__TASK__:
Look through the listing below for the line with "Jonny Greenwood: Everything" and the line with "Nationnal Parks Plush". Copy both, along with every line between them, exactly and with no pictures.

__INPUT FOR THIS TASK__:
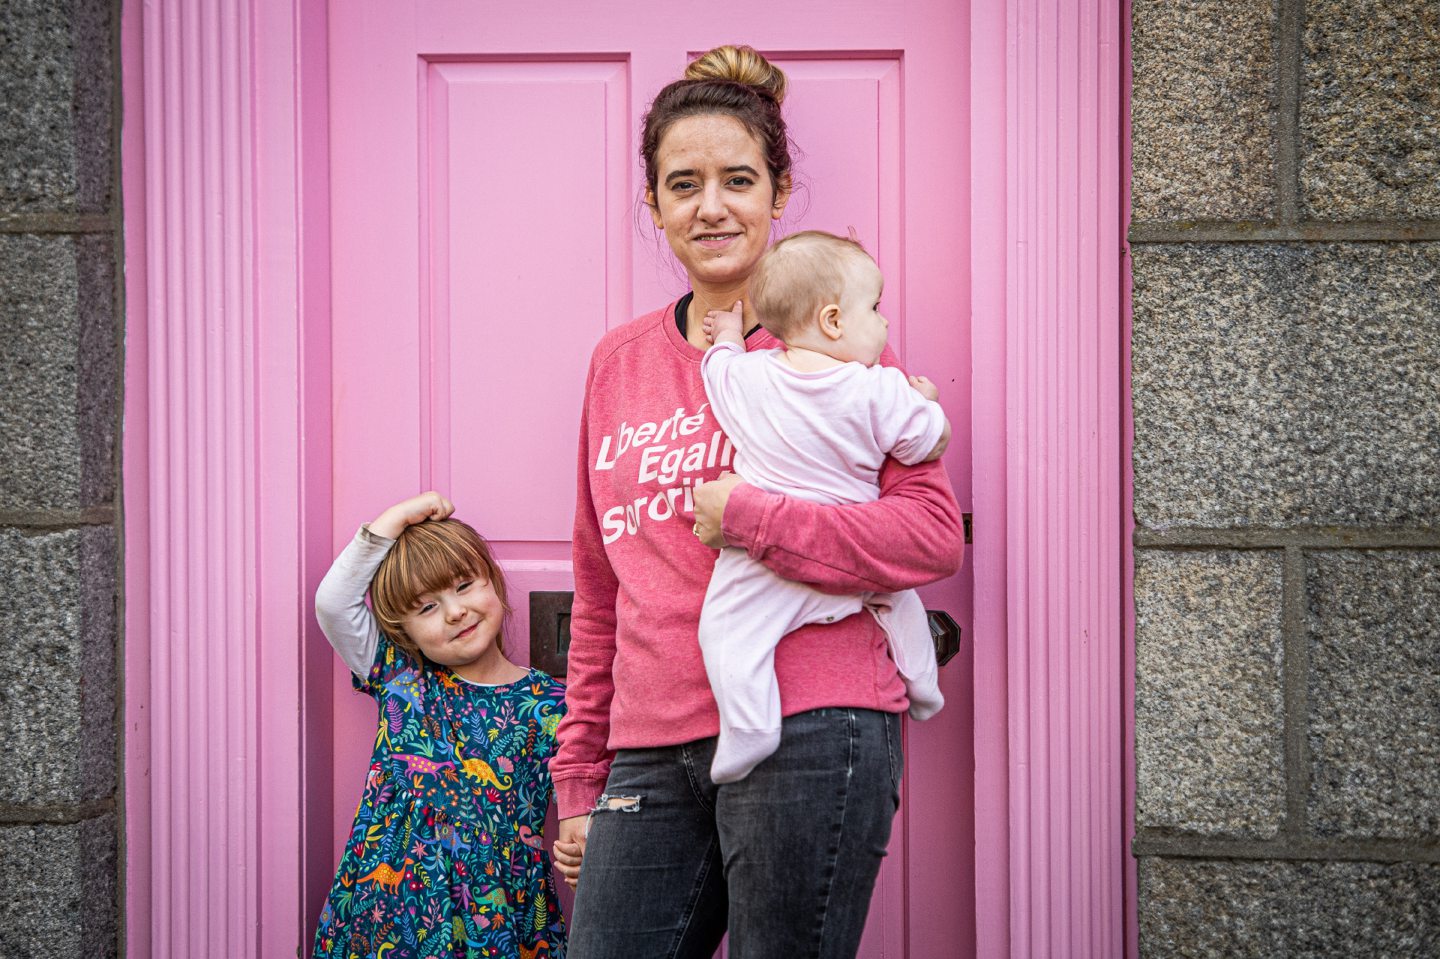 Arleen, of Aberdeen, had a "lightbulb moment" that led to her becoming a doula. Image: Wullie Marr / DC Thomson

* * *

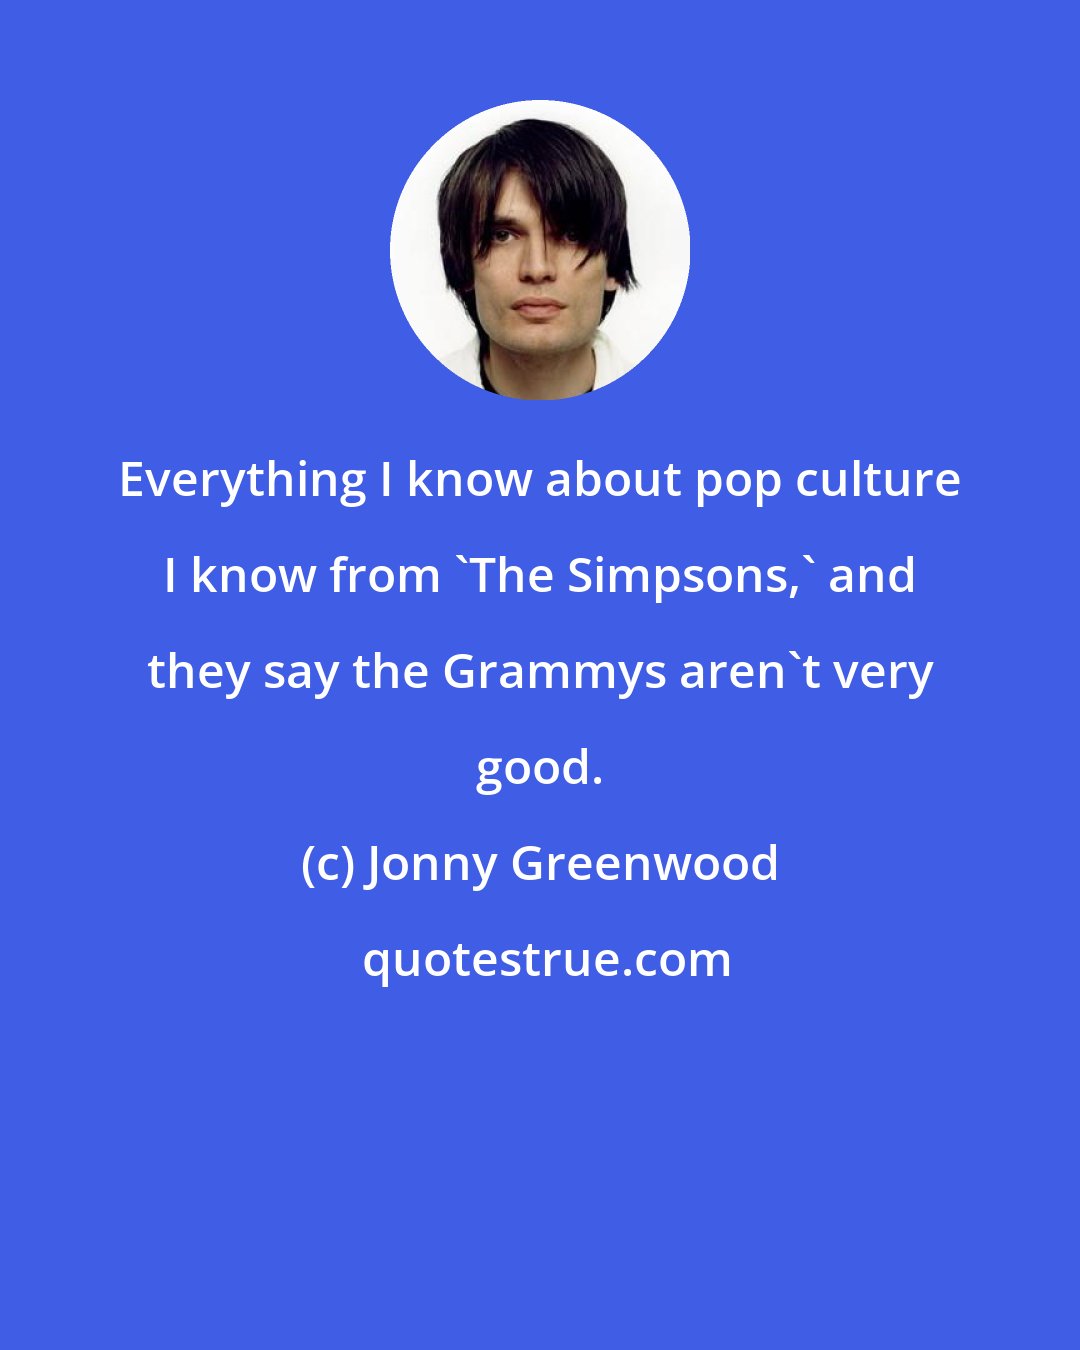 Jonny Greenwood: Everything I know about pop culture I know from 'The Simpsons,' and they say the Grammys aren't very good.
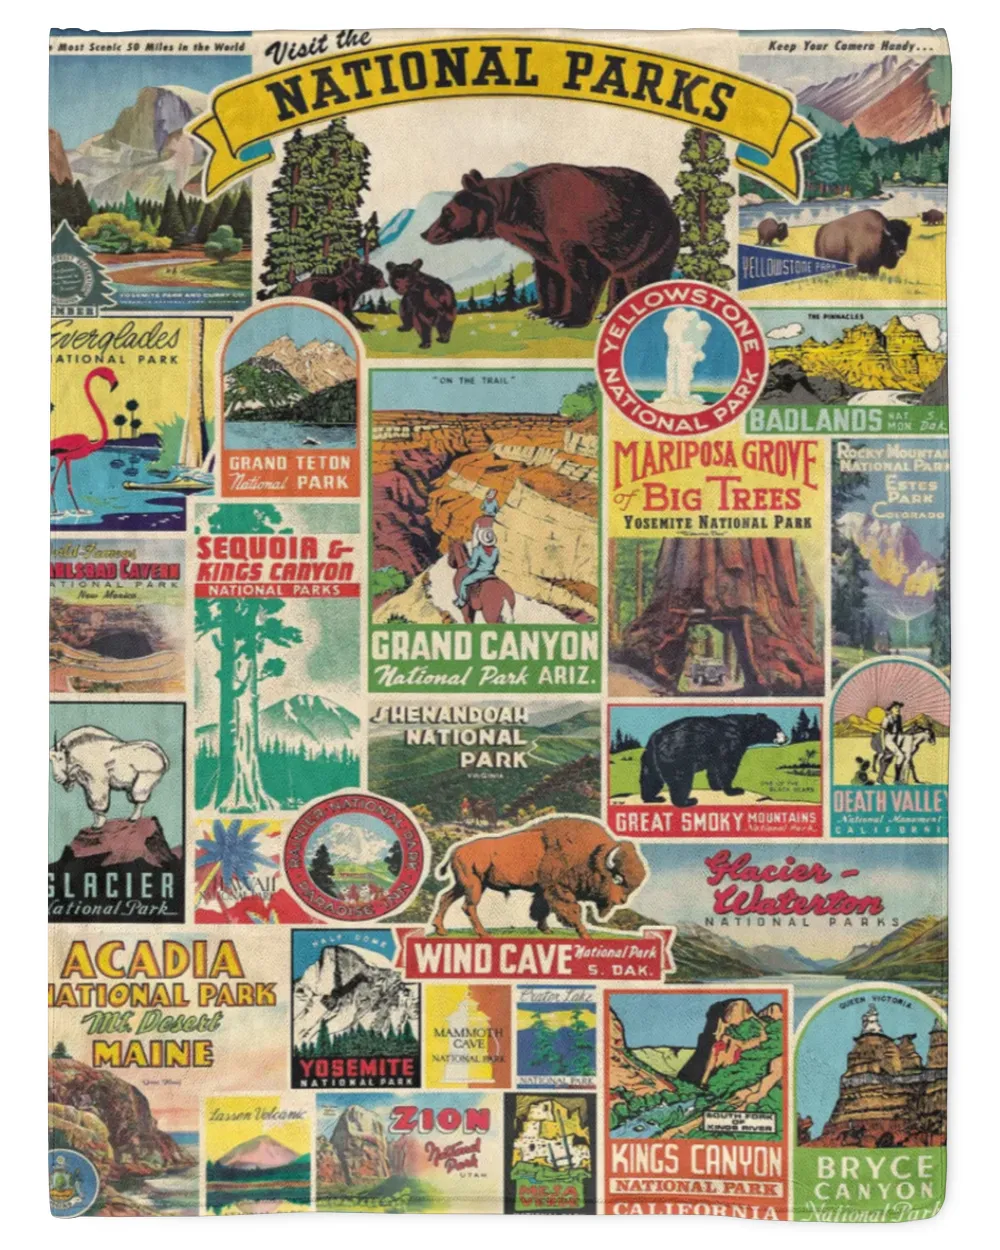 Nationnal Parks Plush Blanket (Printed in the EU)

__EXERCISE RESPONSE__:
 Jonny Greenwood: Everything I know about pop culture I know from 'The Simpsons,' and they say the Grammys aren't very good.
 Nationnal Parks Plush Blanket (Printed in the EU)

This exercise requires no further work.